To characterize potential changes in the co-expression networks for metabolic pathways after a recent WGD event, we first assessed the co-expression network of 428 pathways annotated by maizeCyc [56]. The stearate biosynthetic pathway, which has retained all homeologs and the glycolysis IV pathway, which was partially fractionated following the WGD event were selected as examples for visualization (Fig. 4b-c). The extant maize stearate biosynthetic network contains seven co-expression edges and six of the seven co-expression edges are inter subgenome in nature, providing evidence of prevalence of inter subgenome correlations following the WGD event (Fig. 4b). The glycolysis IV pathway also has more inter than intra subgenome edges (Fig. 4c). Both examples demonstrate the occurrence of inter subgenome correlations after the recent WGD event.

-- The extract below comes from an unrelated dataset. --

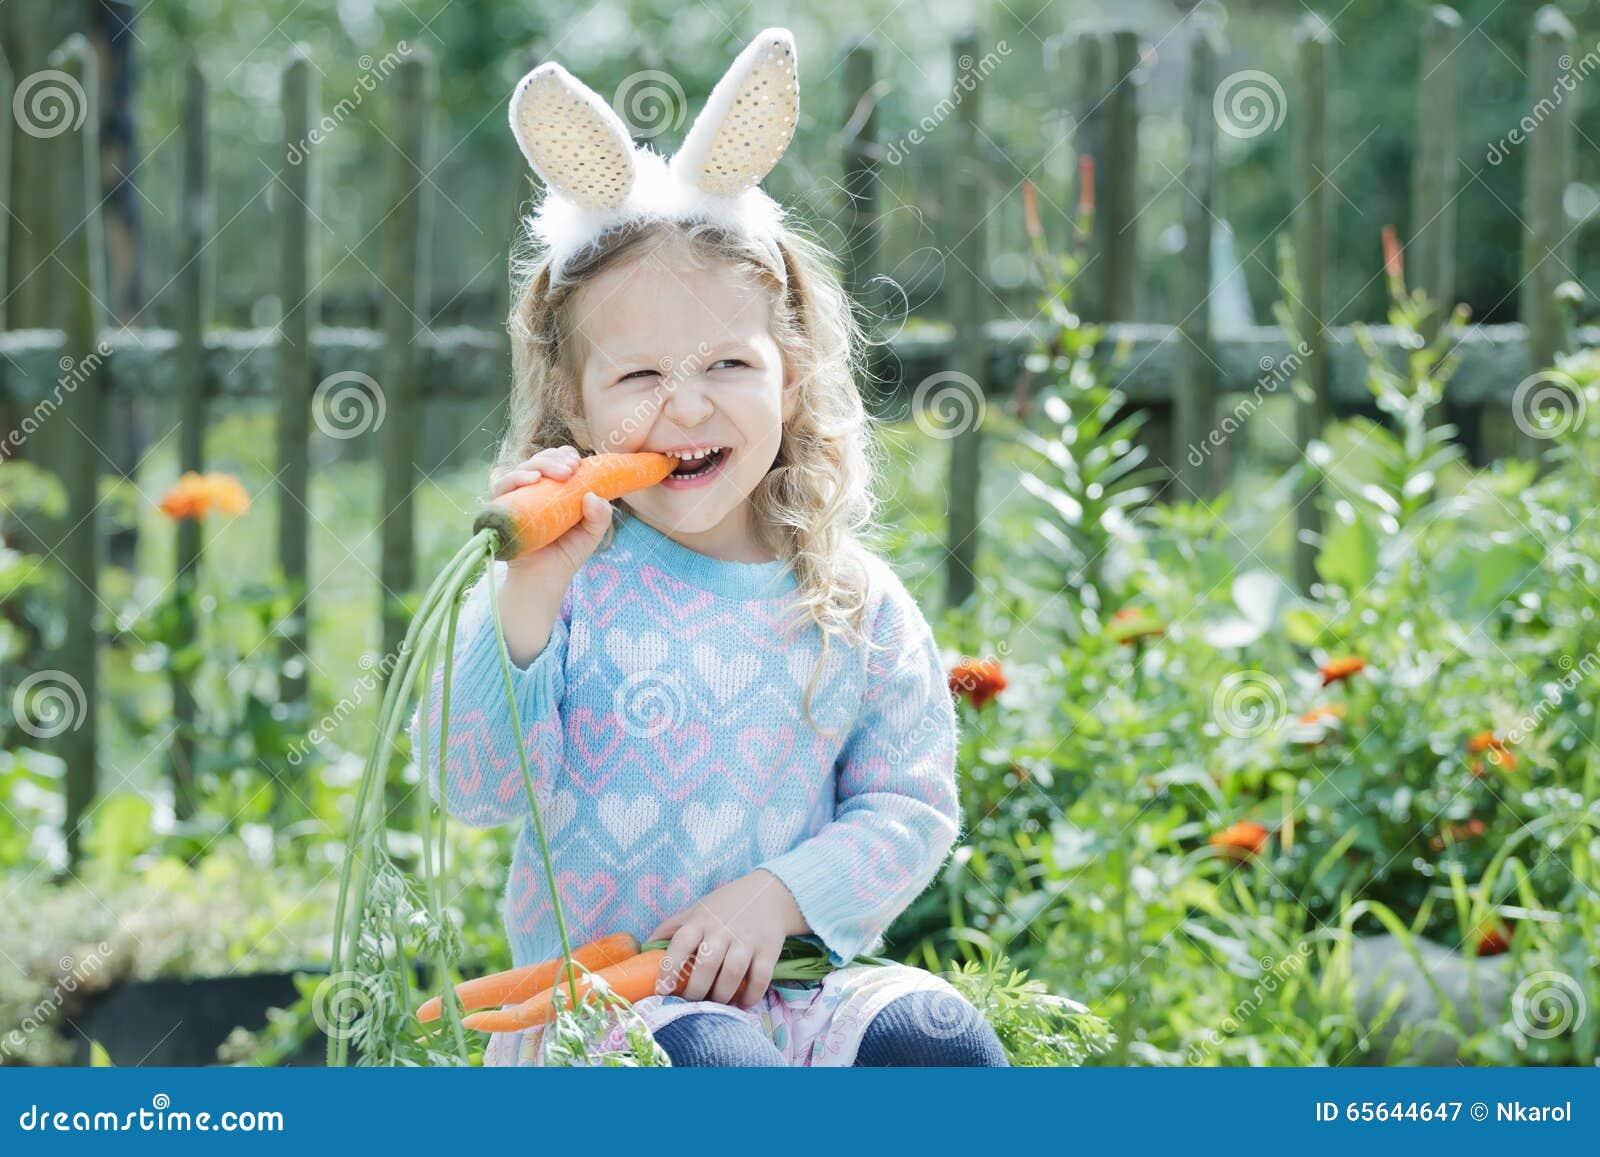 Petite fille blonde utilisant les oreilles drôles de lapin de DIY rongeant la carotte fraîche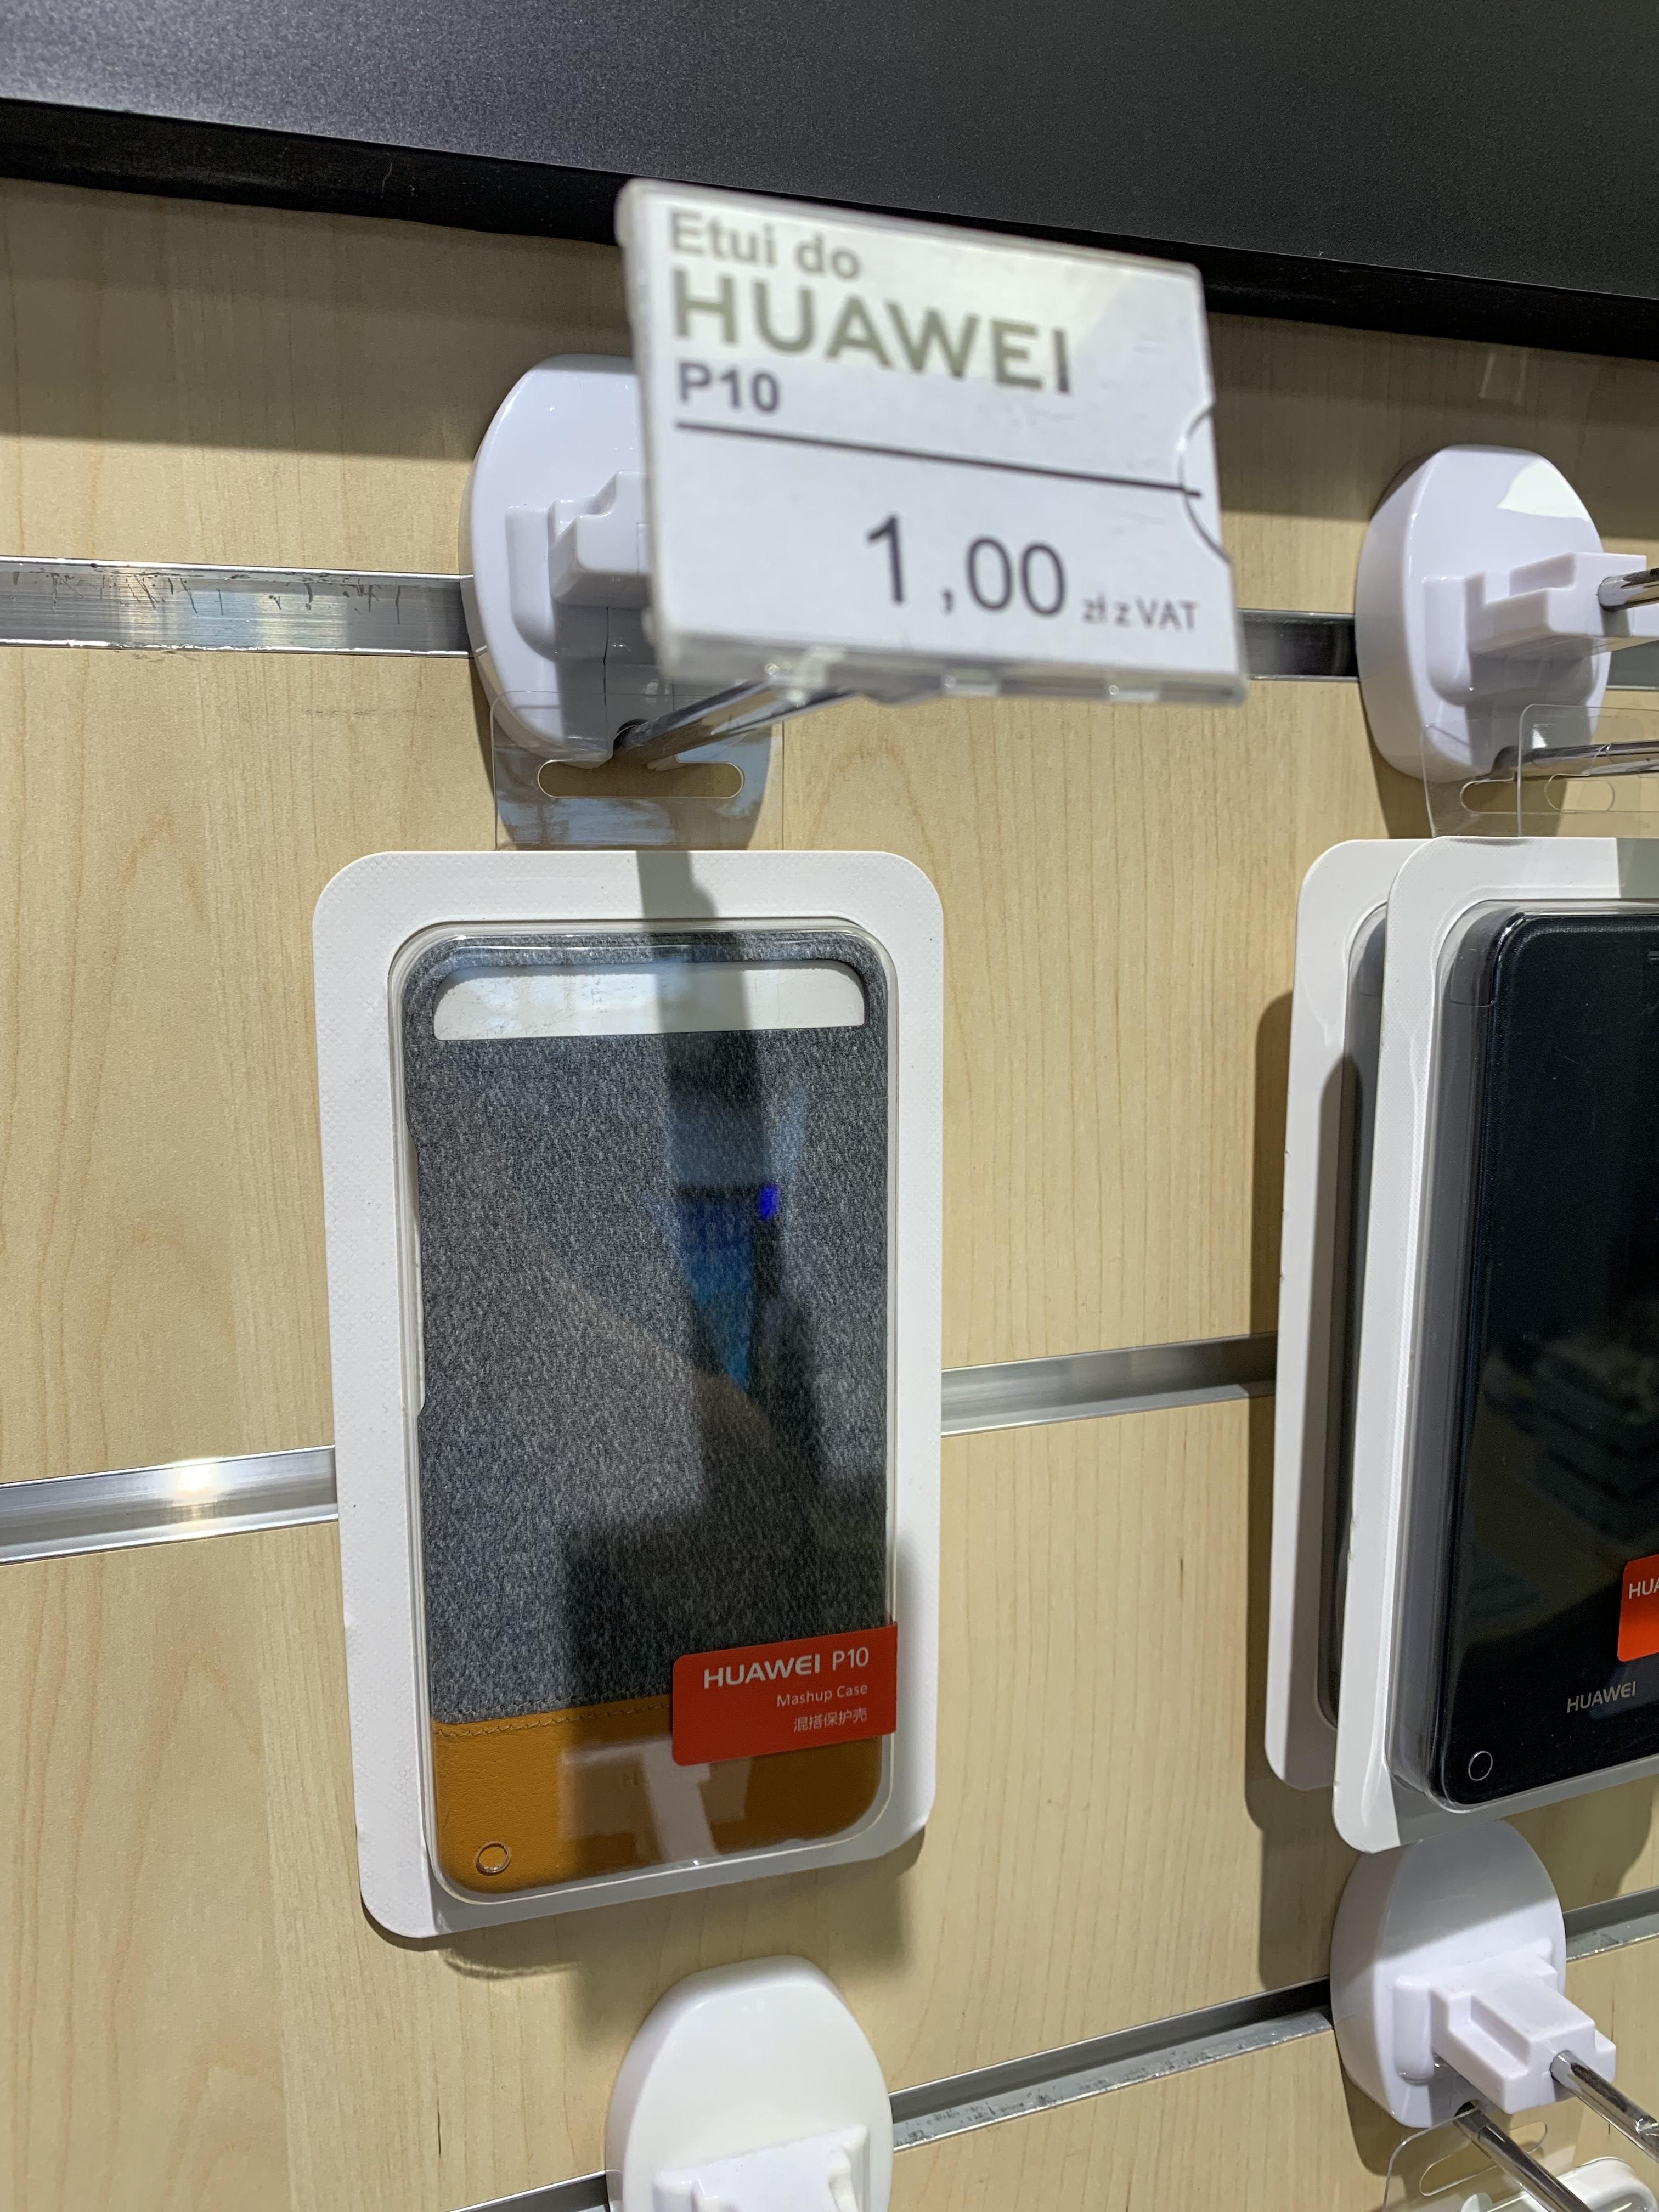 Etui Huawei P10 Mashup Protective Case za rozsądne pieniądze w Orange

To further assess the relative prevalence of inter- and intra subgenome correlations in metabolic pathways, we explored the co-expression network divergence for 32 pathways, which have more than seven co-expression edges among genes from maize1 and maize2 subgenomes (Additional file 6: Table S4). No significant difference was observed in the density (fraction of co-expression relationships observed over the possible number of pairs) of maize1 intra-edges and maize2 intra-edges (P = 0.85, t-Test: Paired Two Sample for Means), suggesting limited divergence of co-expression relationships between the two subgenomes. Interestingly, there are equivalent number of inter subgenome edges to the total number of maize1 and maize2 intra-edges (P = 0.65 for absolute edge number; Additional file 6: Table S4). Furthermore, the overall proportion of inter and intra subgenome edges is not significantly different (P = 0.56 for the normalized edge number normalized by the number of possible pairs). We further dissected the co-expression network divergence for the duplicate pairs of the Kn1 [49, 50] and Rs1 [47, 48] genes. We observed co-expression network divergence for both duplicate pairs, the Kn1 pair showed the gene co-expression type IV pattern, while Rs1 exhibited the type II pattern (Fig. 5). However, the probability of intra and inter subgenome edges for both cases are not significantly different (P = 0.46 and 0.86 for Kn1 and Rs1 pair, respectively).

Fig. 5
figure 5

Co-expression divergence patterns for two duplicate pairs of well-known functional genes. (A) The Kn1 duplicate pair of GRMZM2G017087 (Kn1) and GRMZM2G303381 showed the co-expression type IV pattern. (B) The Rs1 duplicate pair of GRMZM2G028041 (Rs1) and GRMZM2G452178 showed co-expression type II variation. Red indicates the gene is from subgenome maize1, while blue indicates that the gene is from subgenome maize2. Grey means the gene could be anchored on either subgenome. Only genes anchored distinctly to maize1 or maize2 were used to quantify the level of inter- and intra- subgenome correlations

The prevalence of inter subgenome interactions was also assessed for all WGD pairs to determine whether the observations from metabolic pathways were representative of genome-wide trends. Separate analyses were performed for retained gene pairs and for genes that only retain the maize1 or maize2 gene. In both cases, the permutation analysis with the same number of genes and edges indicates no significant difference between the proportion of maize1 and maize2 intra-edges and a similar level of inter subgenome edges as intra subgenome edges (P = 0.83). Meanwhile, the contingency table analyses showed similar levels of inter subgenome and intra subgenome correlations (P = 0.72). Taken together, WGD in maize was accompanied by a large number of inter subgenome correlations, but in contrast exhibiting an equivalent level of intra subgenome correlations. These results are in contrast to the subgenome partitioning observed in yeast, whereby more intra subgenome correlations were observed [26]. This may be due to the fact that yeast is a single cell where all genes can directly respond to various environmental challenges. In more complex genomes, gene interactions were more likely to be regulated by transcription factors (hub genes), which may adjust the pathway in a more synergistic manner. If we assume most modules of ancestral genomes looked much like extant networks (i.e. same genes involved and same number of edges), loss of genes would remove intra-edges, and to complete metabolic pathways, these would be replaced by inter-edges. This may account for why there were large numbers of inter subgenome correlations observed given the widespread gene loss in maize subgenome2 [29]. Importantly, we do not know the ancestral state of the co-expression network prior to WGD event, so we could not postulate retention of ancestral correlations from newly evolved ones.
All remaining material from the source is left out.